The Afar have Djibouti, the Tigrayans have Eritrea, Somalis have Somalia but Ethiopia is the weird exception. Its got all of those peoples except the Oromo (which in my opinion scare me the most) and Amhara (which until recently, ran the country). The Oromos and Somalis want out and only a thin coalition of Tigrayans and Amharas are keeping Ethiopia together. But something else is too. That something, is NATIONALISM. To me, Ethiopia seems more like 19th Century Europe than some poor sub-Saharan African country like Malawi or Zambia. These guys are more violent.


For centuries, the Amharas have been fighting of Nubians, Arabs, Somalis, Oromos and Tigrayans. Something they still do today but around the mid 1800s. This tribe along with the Oromo became united through feudal marriages and feudal wars between Ras (or Lords) of Ethiopian cities. One Ras, Ras Menelik won it all and became Negus (Emperor) of Ethiopia. This guy was a smart Emperor. He knew the mistakes of his predecessors. One guy, Tewdoros (or Theodore) got destroyed by the British in 1858. He knew he needed rifles and lots of them. He was different from most African rulers at the time. Rulers in Central, Southern and West Africa were content with posessing gold, harems and muskets. Menelik was just fine with this Bible and a good Martini-Henri at his side. He needed them too. He had to fend off rival Ras, plus Egyptians, Sudanese.


He needed European powers to help him out, in this case they were France and Italy. But Italy, double crossed them. (Are you surprised?). Italy formed when modern Ethiopia formed because just like Ethiopia, it was a bunch of feudal states trying to fend off big European players like France, Austria etc. In some treaty the Italians gave to the Ethiopians to sign, it basically said that Ethiopia was now Italy's colony (or bitch). No ruler in the 19th century could accept that. From little Paraguay, the Boer Republics and the Sikh Kingdoms to France, Prussia, Russia and Qing China they had a similiar disorder. They had the overproduction of testosterone. War was taken seriously back then, it meant life or death for your tribe whether that be (French, Zulu, Sioux whatever). War wasn't a joke. Nowadays, war is an excuse to make you corporate backers rich in much of the world. Except in the Horn of Africa (let's call it the Horn).

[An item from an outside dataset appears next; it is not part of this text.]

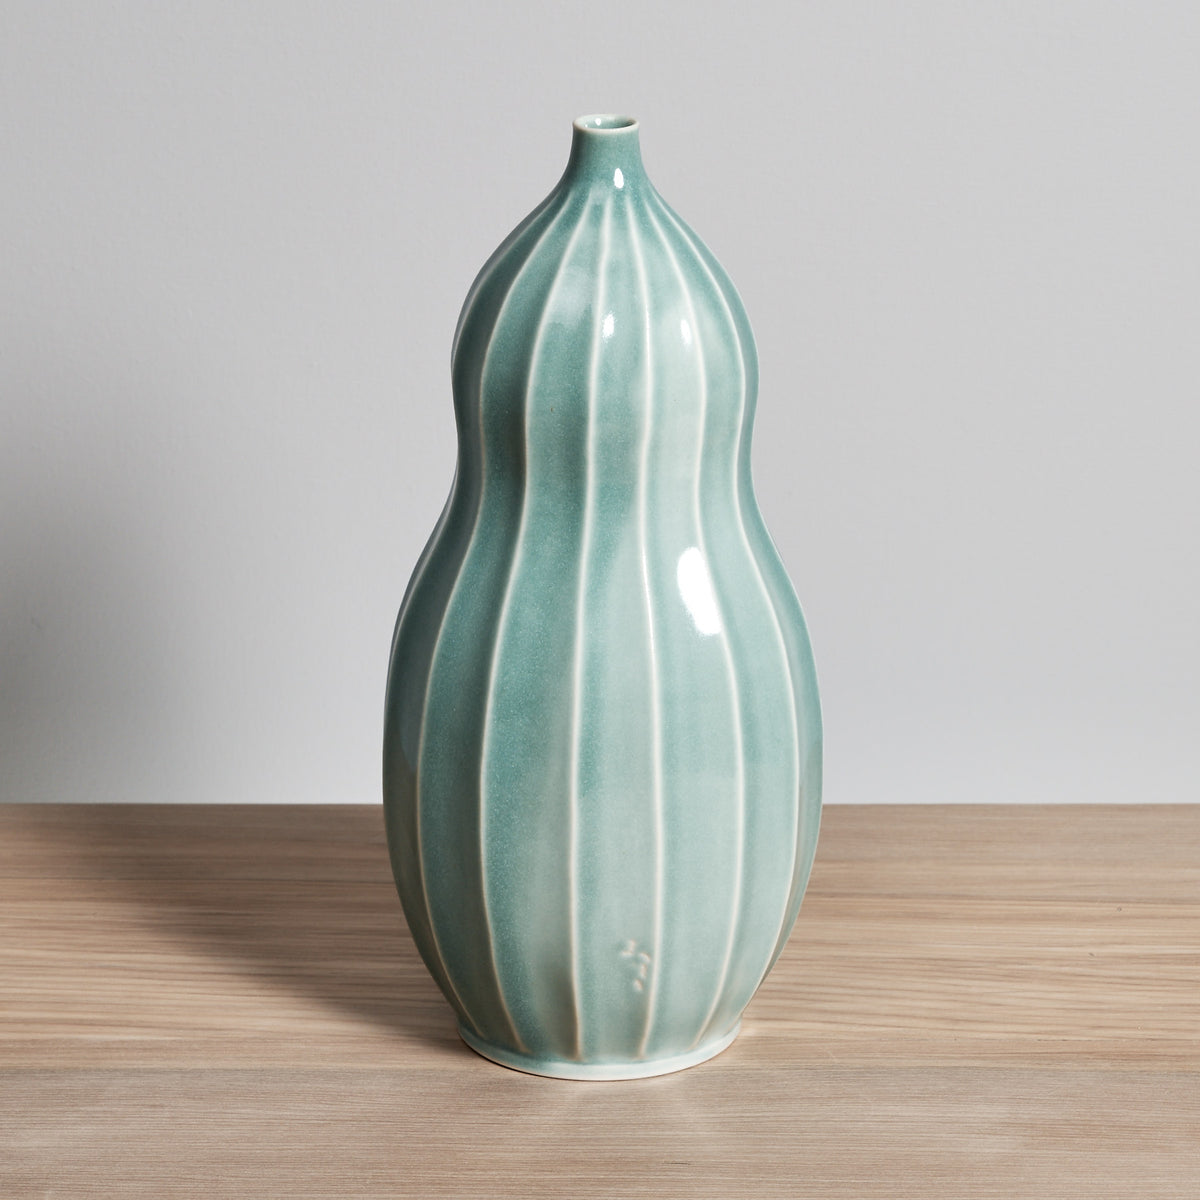 A Gourd Vase - Celadon by Jino Ceramic Studio on a wooden table.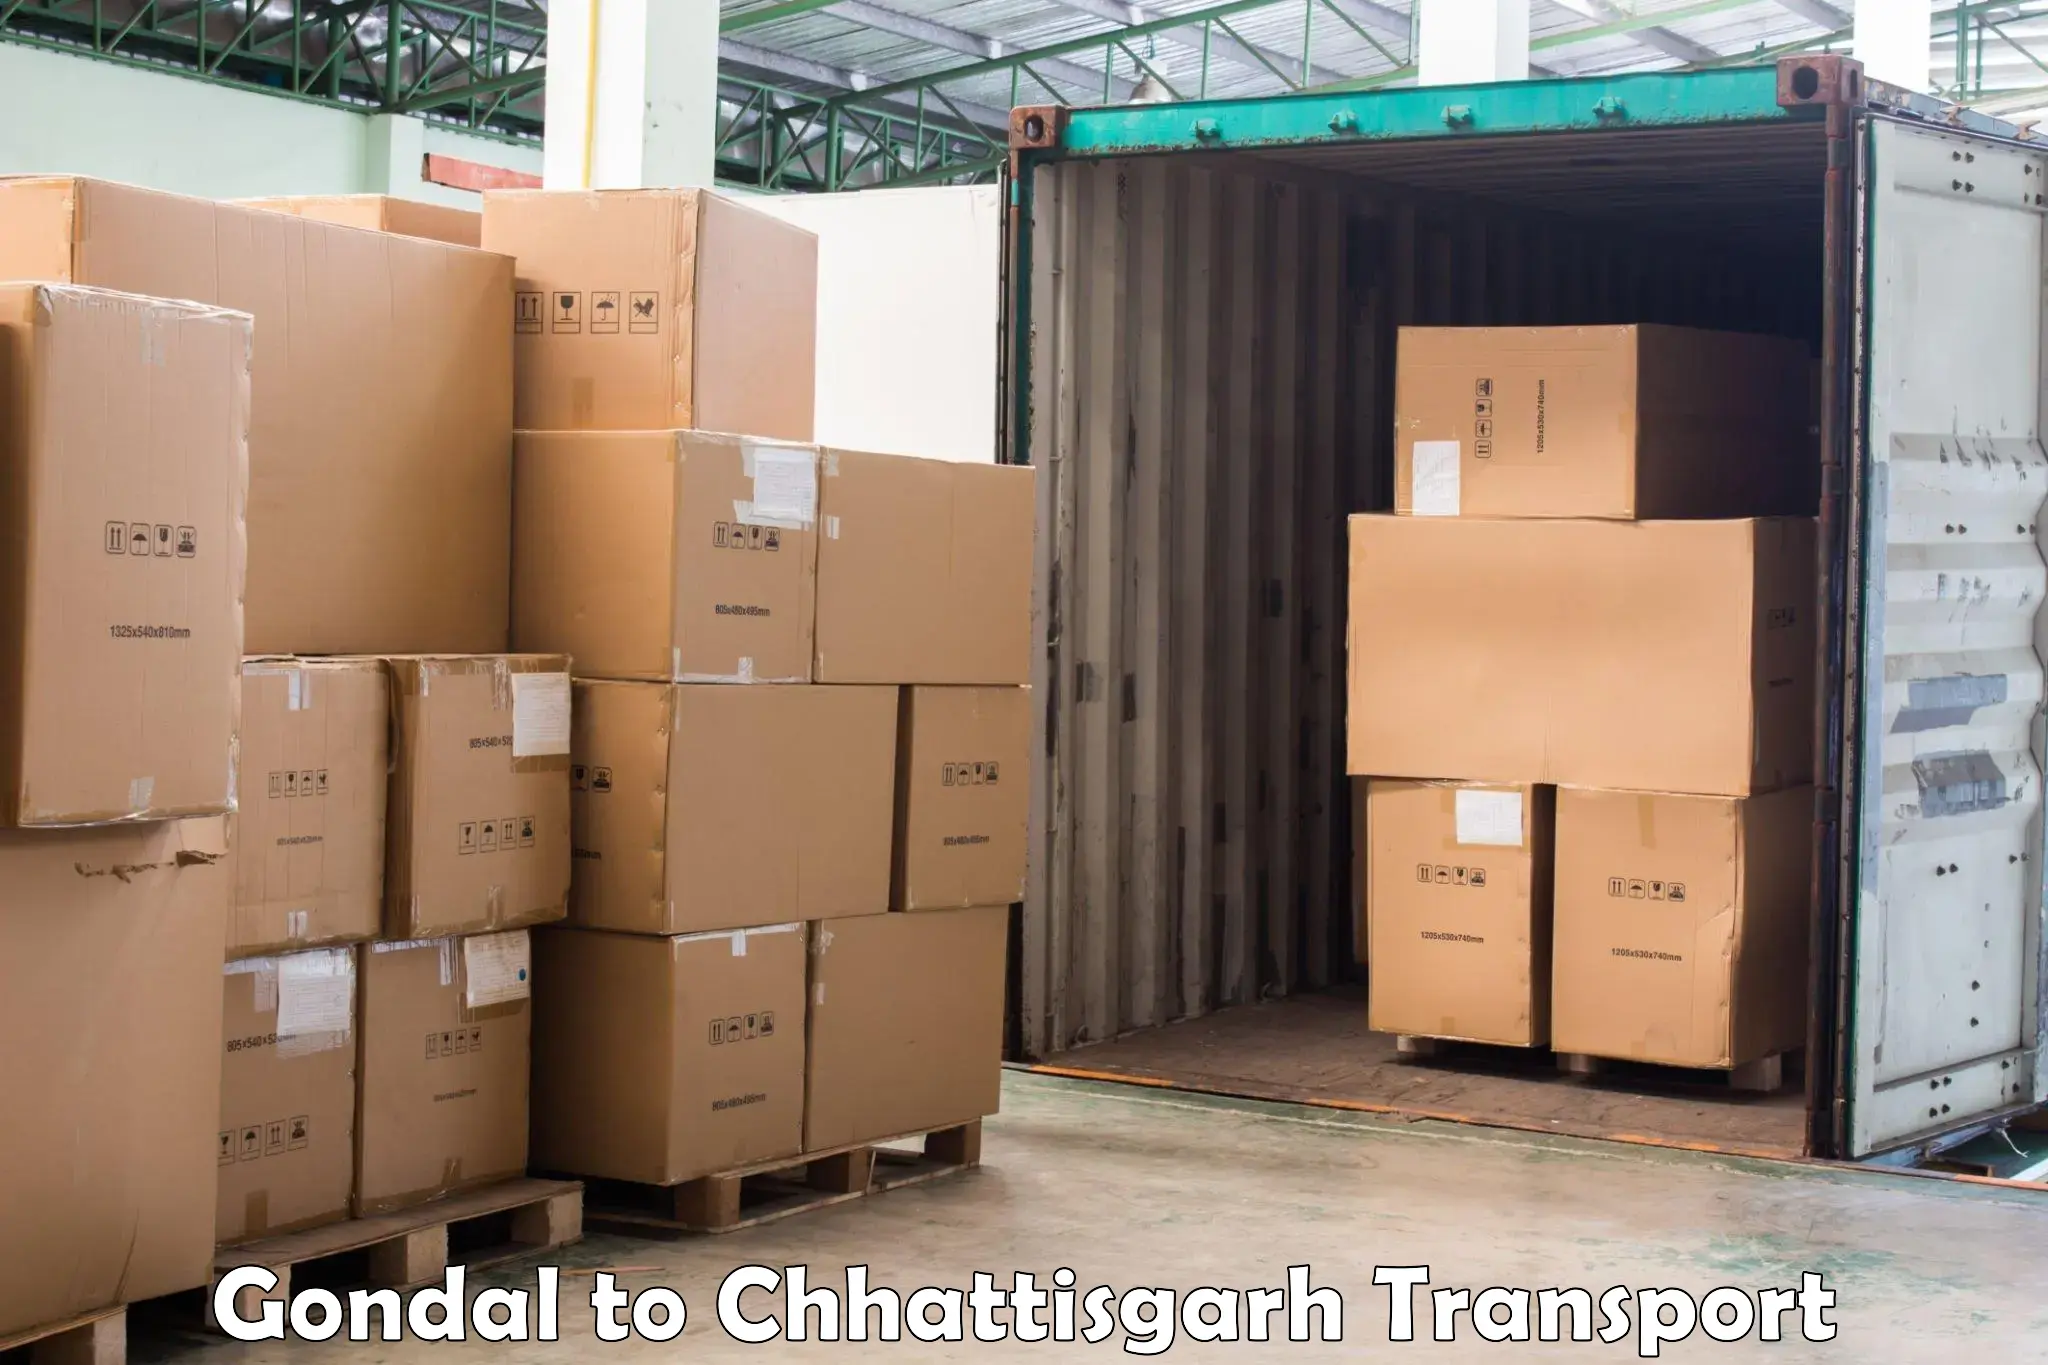 Lorry transport service Gondal to bagbahra

Italians had a little colonial base in modern day Eritrea where they could launch attacks on Central Ethiopia, the Amhara homeland. The Ethiopians had some 200,000 men (half of them had rifles). The Italians had a tenth of that number. It looked to be a classical brawl. After some Ethiopian hordes had gone ahead and smashed Italian Askari (African bitches) battalions the Italians dug in. So did the Ethiopians in this strange stalemate until.... the attack came. 20,000 Ethiopians with 8,000 cavalry charged at the Italians as Ethiopian gunners fired shells on their enemies positions. Can you imagine being an Italian on the receiving end of that? Ethiopians may have been short and wiry but their headresses composed of Lion hair made them seem much taller. Ethiopian cavarly speared Italians and native Askari alike. In the end, the battle shocked the world. Africans had beat Europeans??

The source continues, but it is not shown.